If you’re one of those people who believe things tended to be better in ye olden days, this was the proof.

The game lasted 14 innings – still a championship series record. Ruth pitched every one of them, allowing only one run and getting the win. Despite containing nearly two regulation games in one, the whole thing wrapped up in just more than two-and-a-half hours.

You know what Major League Baseball needs? It isn’t rule changes, more marketable faces or a fresh hook into popular culture. It’s a time machine.

That perfect baseball (if not world) moment in 1916 – famous names, afternoon games and a hegemonic hold on the U.S. imagination – was also perfect for the Red Sox.

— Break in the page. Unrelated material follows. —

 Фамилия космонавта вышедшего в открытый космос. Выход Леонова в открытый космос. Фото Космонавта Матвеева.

They were at the height of their powers. Then they sold Ruth to the Yankees and you know how that went.

The Dodgers would have to wait a few years before they hit their peak. And I’m not talking about winning trophies. The Dodgers rewrote their own creation myth by leaving Brooklyn in 1958 – simultaneously making the club the most pined over and most American team in history. They were the one who picked up sticks and struck out west.

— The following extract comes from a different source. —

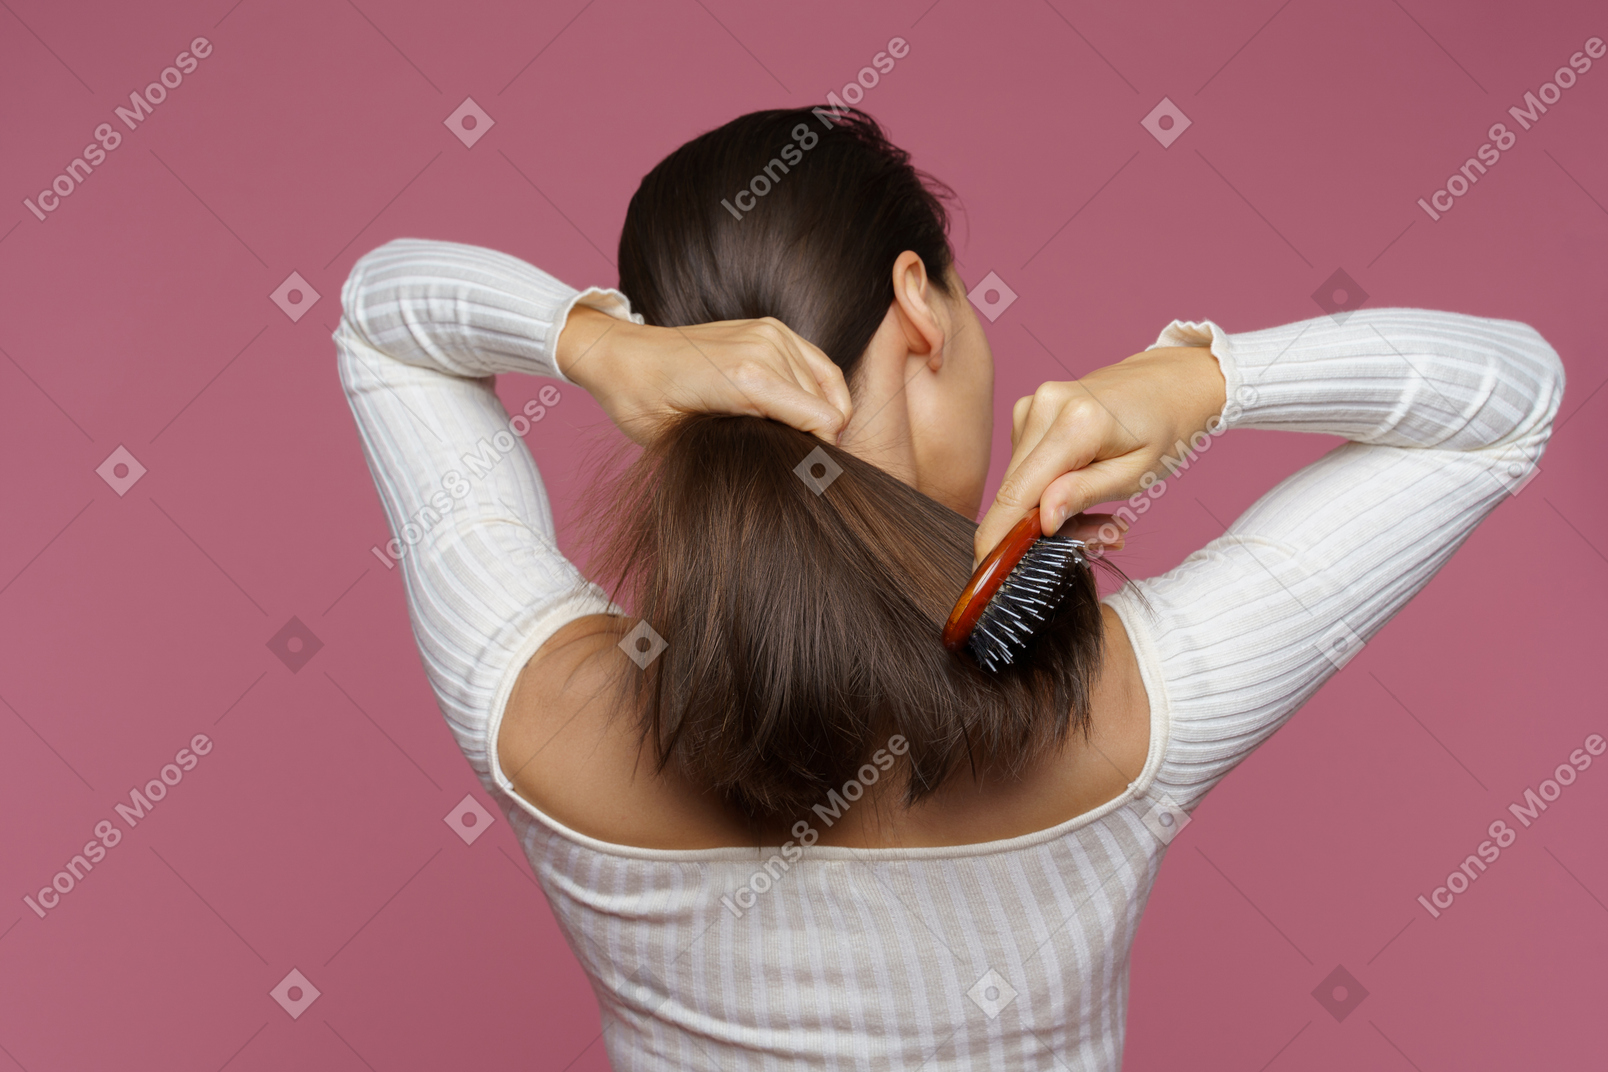 Vista posterior de una mujer de cabello castaño peinándose

So while there is no real rivalry to drive up interest in this year’s World Series matchup, there are two contrasting visions of how baseball represents America.

Boston is the old world with all its Hobbesian hang-ups. It is hard-scrabble, perpetually disappointed and, despite all its wealth and success, continues to see itself as the poor, country cousins being looked down upon by its relations in New York. A good thing is just the prelude to the bad thing coming around the corner.

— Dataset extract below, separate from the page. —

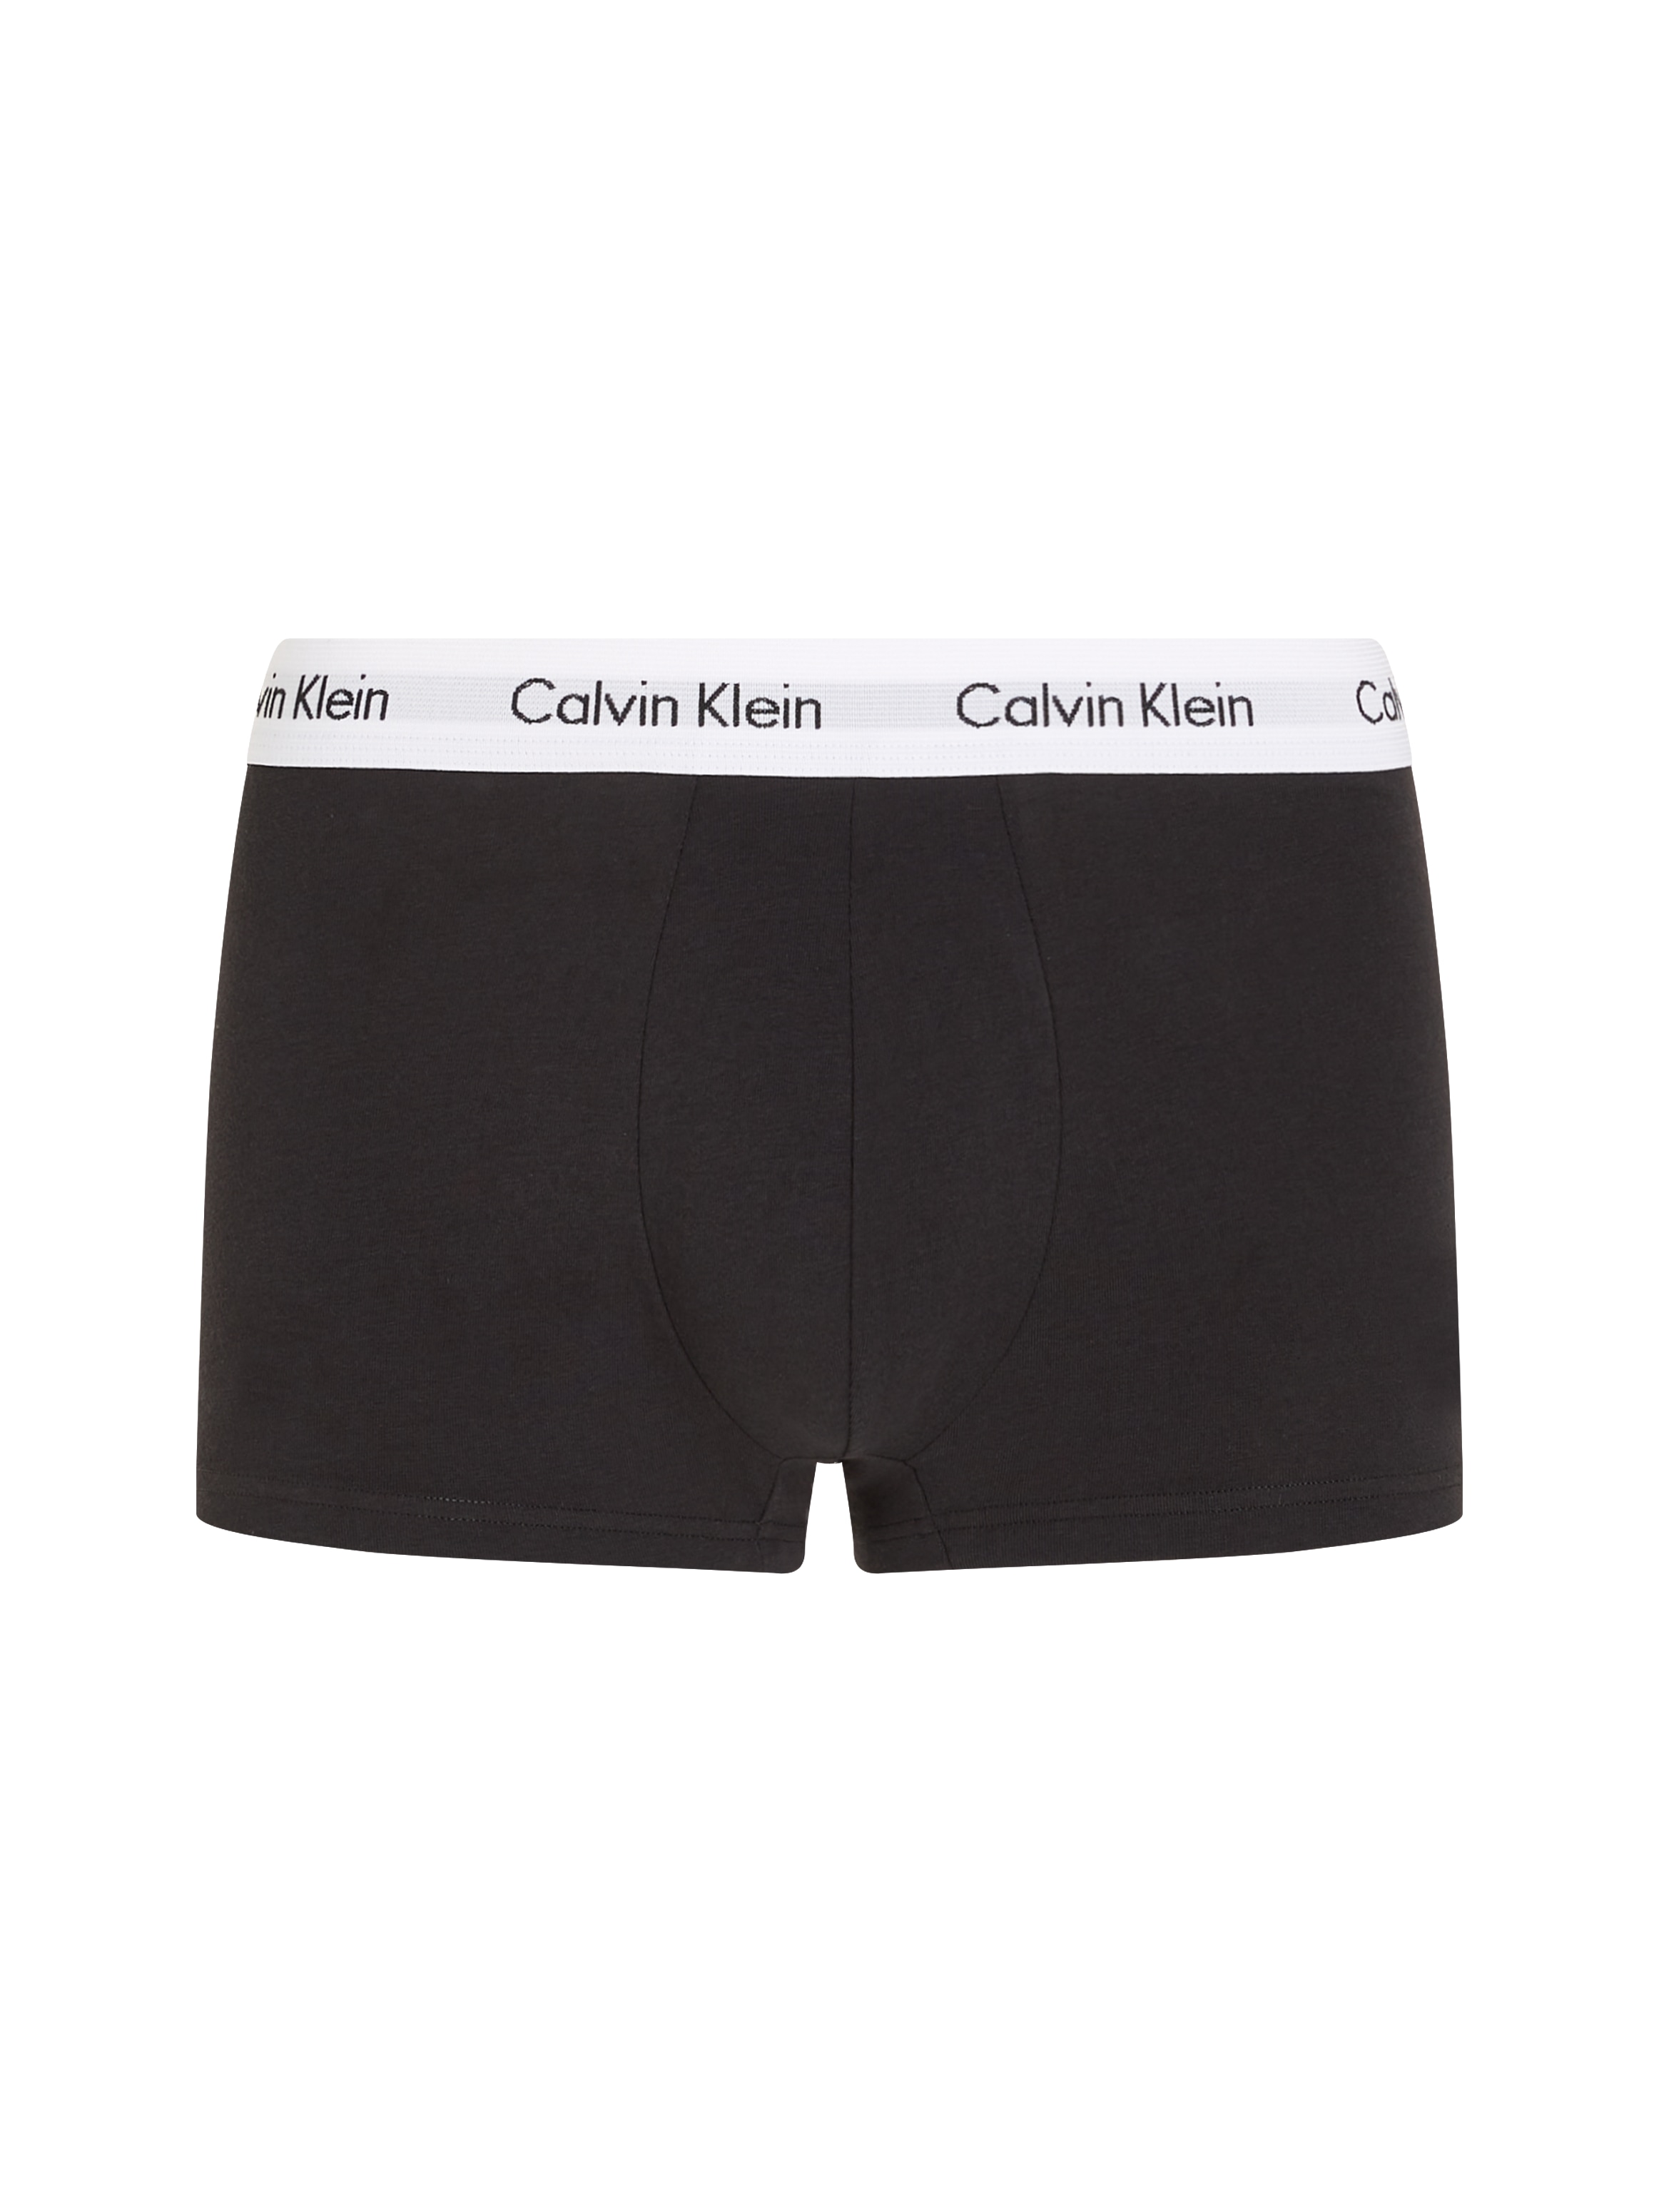 Calvin Klein Underwear Hipster, (3 St.), mit weißem Webbund

If that doesn’t make any sense (and it doesn’t), it’s probably because you didn’t grow up Irish.

The Dodgers are settled, mid-century America. They are all cheerful self-confidence and possibility. If they aren’t good now, they’re pretty sure they can be really good tomorrow, just by wishing it so. When they are really good, they take it for granted.

The feeling was captured by L.A.’s afternoon play-in game to reach these playoffs. This was do-or-die stuff. A lot of big cities would have suspended operations for the day. Not Los Angeles.

At first pitch, Dodger Stadium was perhaps half full. The upper decks never really thickened with people. The Dodgers have made the postseason eight of the past 11 seasons.

Los Angeles doesn’t worry too much about this year because there’s always next year – and, man, next year is going to be so great.

The Boston roster is full of legends-in-the-making, but the most Red Sox-y among them is Game 1 starter Chris Sale. The club has a long history of creating unremittingly irritated superstars – Ted Williams, Jim Rice, Roger Clemens, et al.

Sale is that sort – preposterously gifted, stubbornly unwilling to take much joy in the fact, all coupled with a perverse sense of humour. He once showed his unhappiness at having to wear a throwback jersey by cutting up a locker room’s worth of them with a pair of scissors.

Earlier in this postseason, Sale was asked if he could “talk about” his success pitching against New York.

Sale’s answer: “No.”

He was taken sick near the end of the Houston series and briefly hospitalized with what was described as a stomach ailment. Sale then explained that he’d gotten an infection from a belly-button ring.

“Just constantly taking it in and out, causing irritation and got a rash down there,” Sale said.

Sale may be from Florida, but he is about as likely to have a safety pin through his nose as a belly-button ring. Still, some people bought it.

Sale’s L.A. through-a-glass-brightly doppelganger is the Dodgers’ Game 1 starter, Clayton Kershaw.

Just looking at Kershaw – arguably the most dominant pitcher of his generation – the phrase “golly gee willikers” pops into mind.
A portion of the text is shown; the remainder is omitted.